I’m told that telephones transmit a pretty small frequency range of human speech. Whereas humans can hear from about 50 Hz to about 19,000 Hz, the bandwidth of a telephone circuit is about 50 to 7000 Hz. So how do we distinguisgh voices? incidentally, does VOIP transmit more frequencies than regular phone circuits?
Your ear synthesizes clipped frequencies. When an object resonates at the series of harmonic frequencies with a fundamental missing, it will also vibrate with the missing fundamental. I could explain more but I’m not sure how much of answer you want.
Land line phones really only transmit up to about 3.5kHz not 7kHz. VOIP is not one standard. There are many available codecs and one could transmit to what ever fidelity one desires. However in practice they transmit up to 3.5kHz because they need to connect with regular land line phones. In many cell phones there are codecs that can transmit higher frequencies. Enabling cellphone to cellphone calls to have better fidelity than land line to land line calls. I am told that carriers in Korea are rolling these sorts of features out as a way of differentiating their service from other carriers.
Remember also that even though we can hear sounds up to around 20,000 hz, the range of human speech does not go anywhere near that high.
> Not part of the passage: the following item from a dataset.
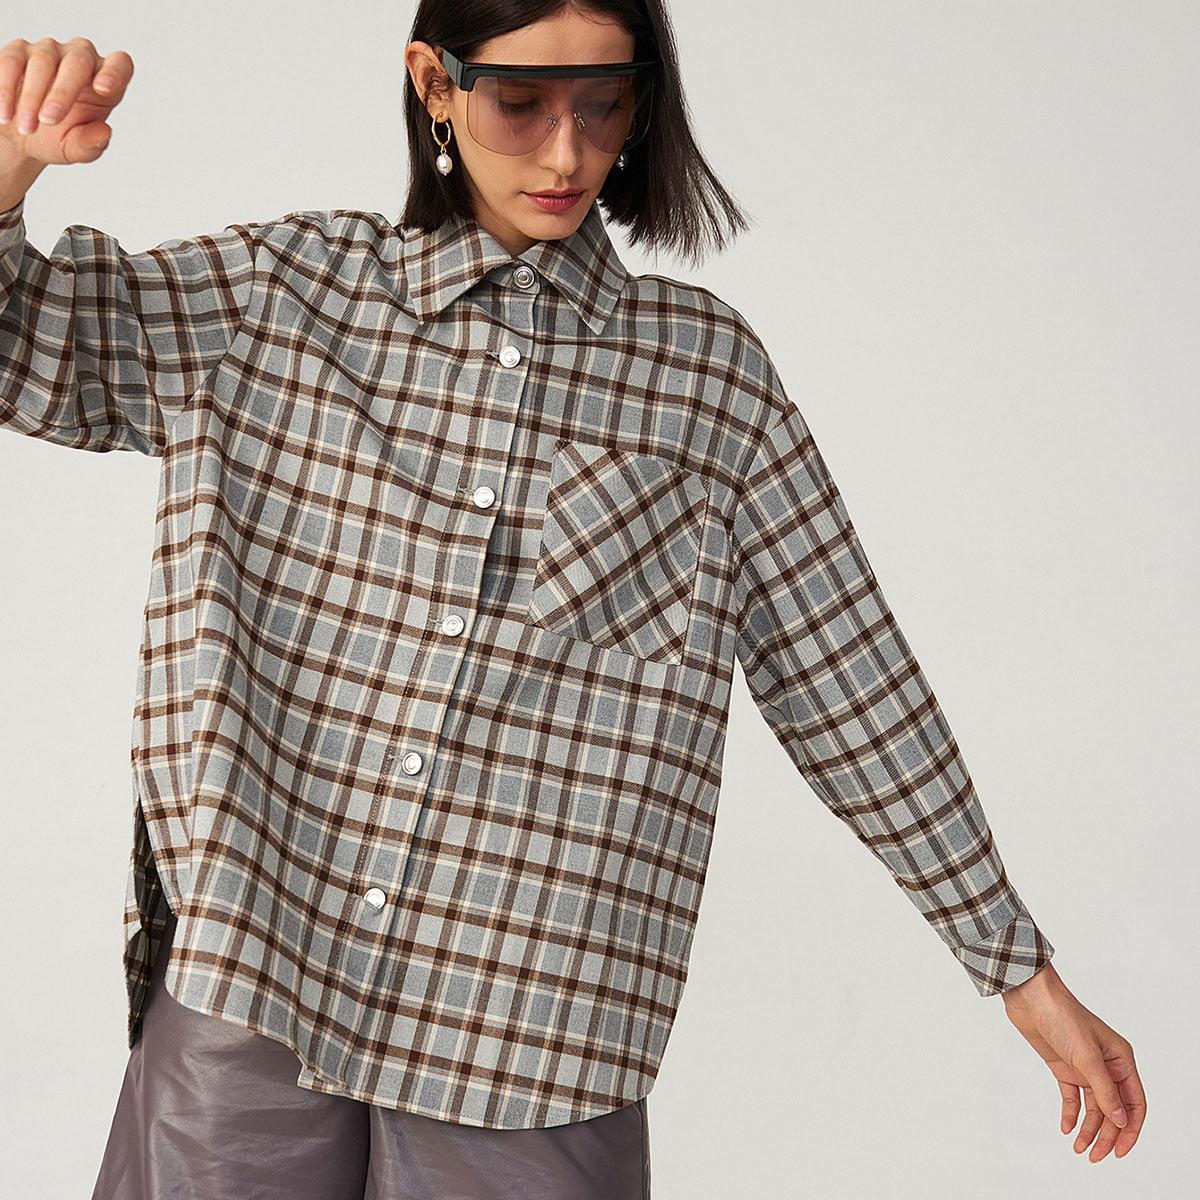 Рубашка оверсайз в клетку с карманом

For a male voice, most of the audio signal is in the 1kHz to 3 kHz range. Female voices are slightly higher, about 3 to 5 kHz (these numbers are from memory, so don’t beat me up too bad if they are a little off - they should be close). The point is that if you filter off anything outside of these frequency ranges, you really don’t lose much of the voice signal, so it’s very easy for your brain to recognize one voice from another.
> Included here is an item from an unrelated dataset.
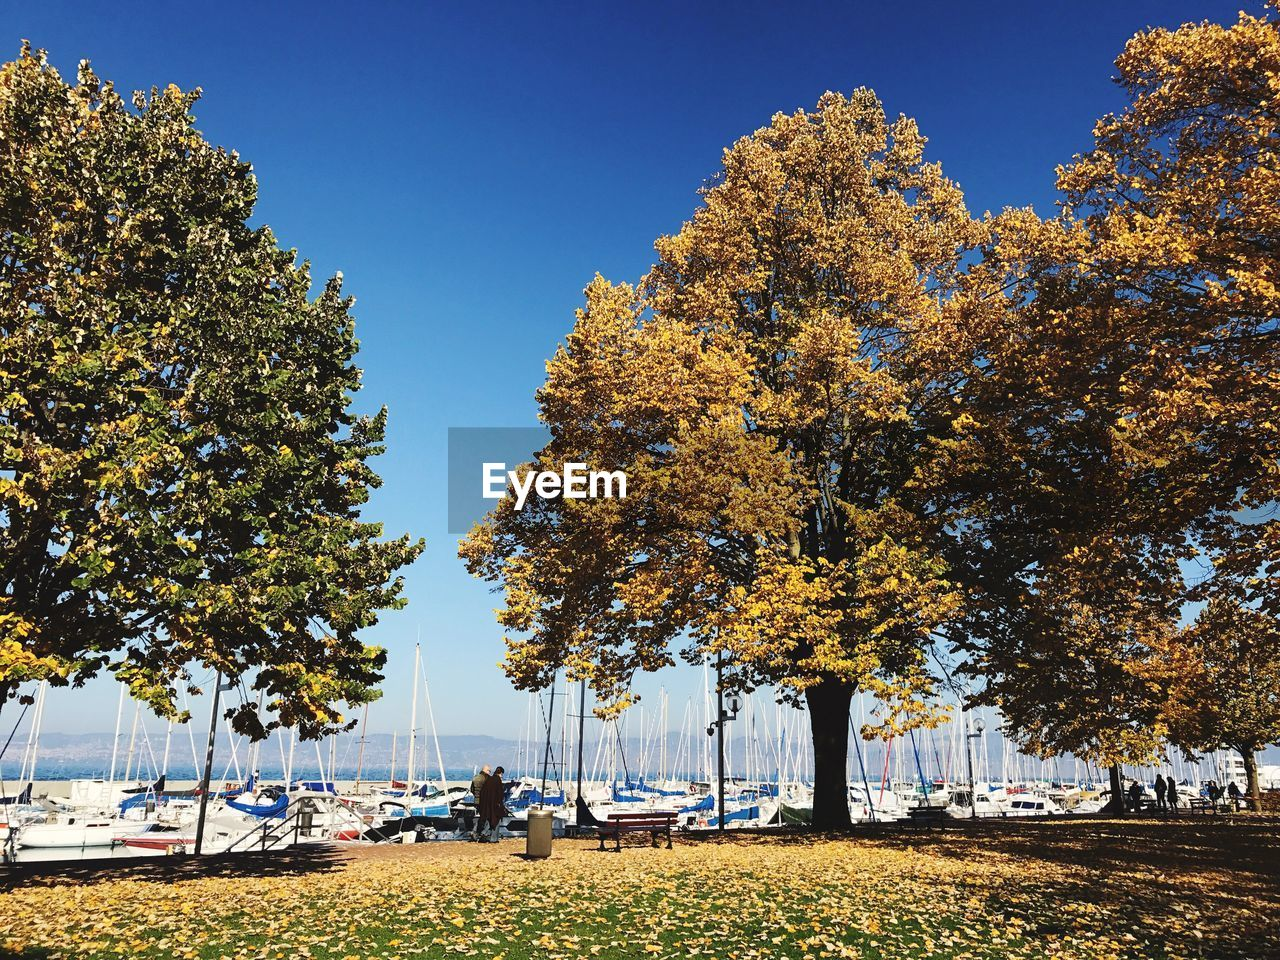 Autumn trees by harbor against blue sky

The human brain is also the best pattern matching piece of equipment in the known universe. It’s ability to match patterns (which includes voices, pictures, faces, etc) is far better than even the best supercomputer can manage. Even with a lot of information missing, it can still match up one voice to another based on very subtle cues in the voice signal. It doesn’t need anything anywhere near a full reproduction of the signal in order to make a match.
The wireline telephone network transmits the analog waveform of your voice, band-limited to about 200-3200 Hz. Many modern communications devices, such as digital cell phones, do not transmit the analog waveform of your voice. Instead, they use a model of the human vocal tract and transmit the model’s parameters at a periodic rate. In general, the more parameters that are used, and the more often they are updated, the higher the voice quality. Going in the other direction, which is often necessary for low bit-rate channels, can result in poor voice quality. The result can sound like a robot or Donald Duck, and it may be difficult or impossible for the listener to identify the caller by the unique qualities of his or her voice. This problem is often aggravated if the caller is a woman, due to higher pitch.
With VOIP, assuming a reliable connection, voice quality is going to be determined by the quality and sophistication of the codec, and the bit rate. Simple codecs can deliver good quality if the bit rate is high enough. Complex codecs can deliver good quality at substantially lower bit rates than those used by simple codecs. This is very important for digital cellular phone systems, since lowering the bit rate for each call means that more calls can be carried in a very expensive radio channel. One problem with the complex codecs is that while they may work well with the human voice, they may work poorly, or not at all, with things like fax machines and computer modems. In those cases, simple codecs and high bit rates are more effective.
Do you have a cite for this becuase non of the cell phone codecs that I am familiar with do anything of the sort. There is no model of the vocal track.
See Linear predictive coding - Wikipedia for an example.
I disagree with you that LPC are really modling the human voice track in any meaning full way. But I see where you are coming from.